La Multisala è stata tra le prime a riaprire a tempo pieno a Reggio e provincia, oltre a Fabbrico...


«Appena abbiamo potuto, abbiamo riaperto. Eravamo pronti, avevamo i film, ci eravamo attrezzati da tempo per rispettare tutte le disposizioni per una ripartenza in sicurezza… Ci siamo detti: “Perché aspettare ancora?”».

Come avete organizzato la ripartenza in sicurezza?

«La sicurezza viene garantita al massimo, ci teniamo a sottolinearlo. Proviamo la temperatura a chi entra, anche se non sarebbe obbligatorio. Chiediamo a chi arriva di usare la mascherina e le mascherine sono indossate da tutto il personale. Quando invece gli spettatori si mettono a sedere nelle due sale, se vogliono, possono togliersele visto che è garantita la distanza di sicurezza. Inoltre, tutti i giorni facciamo la sanificazione degli ambienti e delle poltrone; sono a disposizione i gel igienizzanti e richiediamo a tutti di mantenere il distanziamento interpersonale di un metro».
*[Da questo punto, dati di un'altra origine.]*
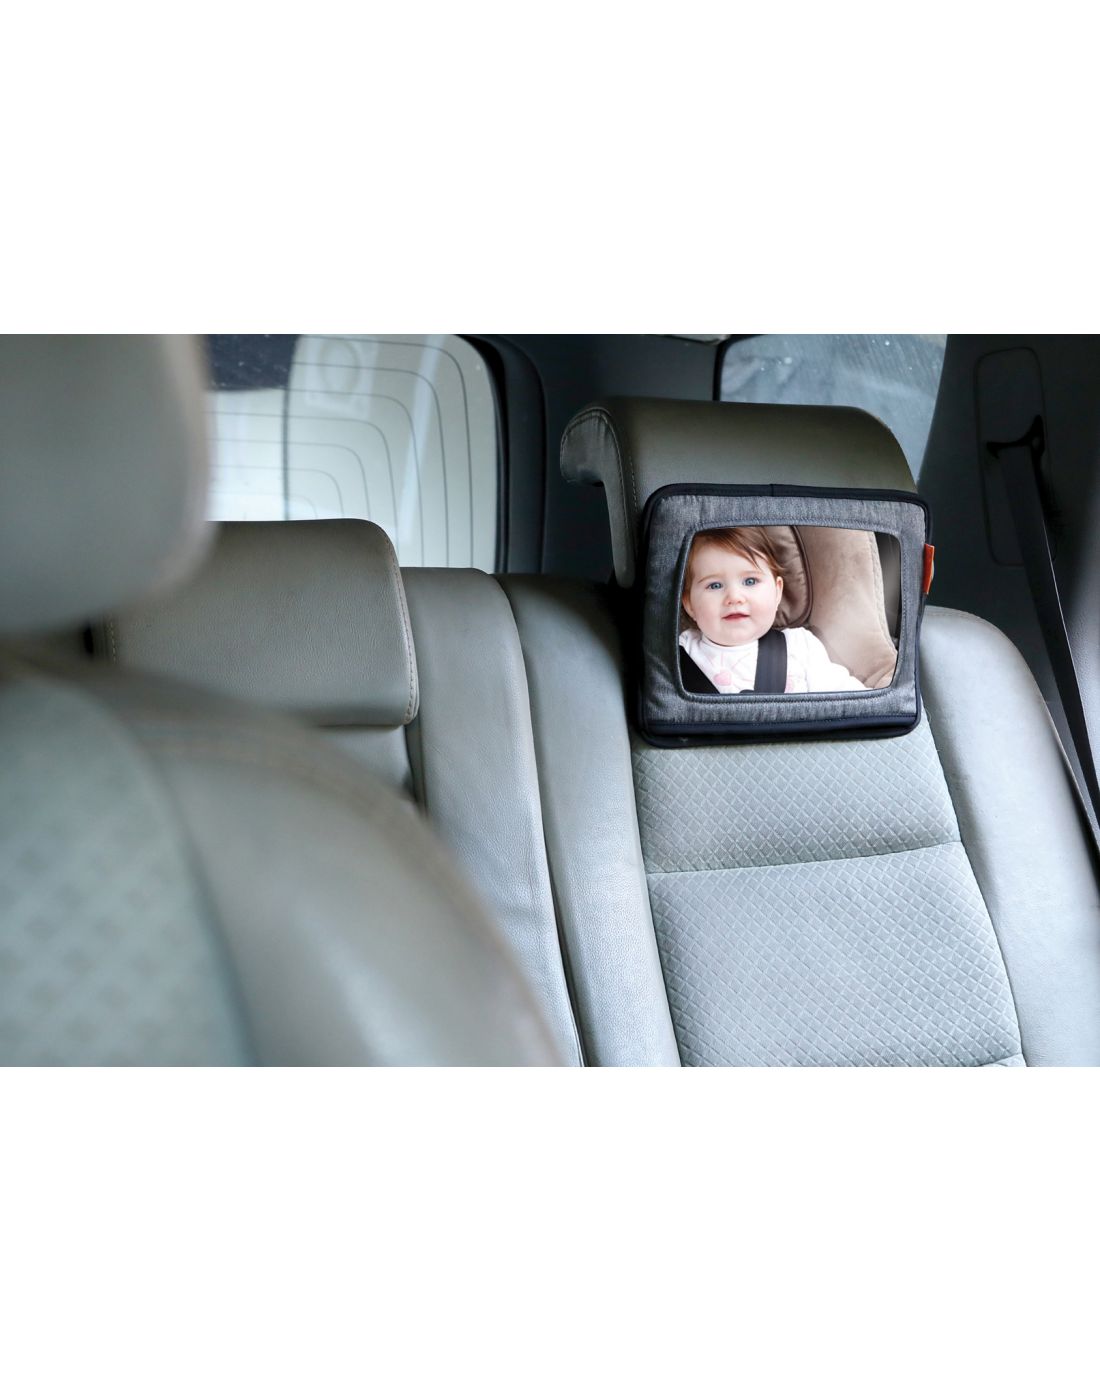 Στήριγμα Tablet & Καθρέφτης Αυτοκινήτου Grey DreamBaby

Come gestite le prenotazioni?

«La piattaforma che in genere usiamo per le prenotazioni online, WebTic, è in fase di aggiornamento. È una piattaforma nazionale e deve tenere conto delle diverse esigenze che esistono a oggi nelle varie regioni. Dal primo luglio dovrebbe però ripartire. Per questa ragione, per ora, bisogna telefonare allo 0522-372015 per scegliere il posto».

Come avviene l’assegnazione delle poltrone?

«Nelle sale, come prevede la normativa, si deve stare seduti una poltrona sì e una no, con una distanza garantita, in questo modo, fra le persone di un metro e venti, essendo le nostre poltrone molto ampie. Questo vale ad eccezione di congiunti, conviventi... Quando le persone arrivano, perciò, chiediamo di dichiarare alla cassa, al momento dell’assegnazione dei posti, se si vuole stare vicini oppure no».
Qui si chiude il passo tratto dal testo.